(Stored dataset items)

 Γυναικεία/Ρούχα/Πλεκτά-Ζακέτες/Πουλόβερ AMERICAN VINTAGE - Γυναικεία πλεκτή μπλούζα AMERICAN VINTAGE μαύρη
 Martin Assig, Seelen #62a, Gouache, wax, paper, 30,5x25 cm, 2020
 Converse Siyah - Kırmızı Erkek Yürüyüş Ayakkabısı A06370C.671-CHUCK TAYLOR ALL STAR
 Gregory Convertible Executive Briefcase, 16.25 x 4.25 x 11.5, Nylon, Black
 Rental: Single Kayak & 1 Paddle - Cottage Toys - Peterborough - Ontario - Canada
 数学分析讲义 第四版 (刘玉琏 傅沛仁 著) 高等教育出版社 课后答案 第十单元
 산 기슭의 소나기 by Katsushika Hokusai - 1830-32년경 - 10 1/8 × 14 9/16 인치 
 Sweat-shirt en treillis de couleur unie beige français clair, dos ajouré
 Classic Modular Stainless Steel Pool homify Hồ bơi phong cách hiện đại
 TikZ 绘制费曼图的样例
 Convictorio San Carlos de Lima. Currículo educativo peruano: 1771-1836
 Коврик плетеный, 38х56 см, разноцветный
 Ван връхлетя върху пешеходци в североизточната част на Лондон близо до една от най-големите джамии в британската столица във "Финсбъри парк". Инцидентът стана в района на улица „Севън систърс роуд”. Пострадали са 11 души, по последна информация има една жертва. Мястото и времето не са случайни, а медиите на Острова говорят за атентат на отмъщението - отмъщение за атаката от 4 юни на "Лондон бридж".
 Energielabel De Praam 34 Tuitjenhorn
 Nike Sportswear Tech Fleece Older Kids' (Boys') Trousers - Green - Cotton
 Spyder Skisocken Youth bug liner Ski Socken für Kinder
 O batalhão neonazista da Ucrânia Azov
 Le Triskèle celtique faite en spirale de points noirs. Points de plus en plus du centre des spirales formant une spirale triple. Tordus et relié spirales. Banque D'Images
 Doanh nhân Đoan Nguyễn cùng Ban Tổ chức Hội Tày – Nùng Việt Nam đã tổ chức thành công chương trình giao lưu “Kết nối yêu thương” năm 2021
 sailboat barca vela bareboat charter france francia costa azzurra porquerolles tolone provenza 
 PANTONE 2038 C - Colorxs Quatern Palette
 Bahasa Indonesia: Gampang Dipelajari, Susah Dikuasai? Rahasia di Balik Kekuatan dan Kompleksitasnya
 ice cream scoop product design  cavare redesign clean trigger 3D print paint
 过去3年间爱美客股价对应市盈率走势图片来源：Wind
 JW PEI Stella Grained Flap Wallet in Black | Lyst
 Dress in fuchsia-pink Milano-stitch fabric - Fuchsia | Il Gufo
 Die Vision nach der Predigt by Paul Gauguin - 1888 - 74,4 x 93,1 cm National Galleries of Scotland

Required action =
Your task is to retype the entries verbatim, starting with the line that holds "Classic Modular Stainless" and stopping after the line that holds "Коврик плетеный, 38х56 см, разноцветный".

Finished task =
 Classic Modular Stainless Steel Pool homify Hồ bơi phong cách hiện đại
 TikZ 绘制费曼图的样例
 Convictorio San Carlos de Lima. Currículo educativo peruano: 1771-1836
 Коврик плетеный, 38х56 см, разноцветный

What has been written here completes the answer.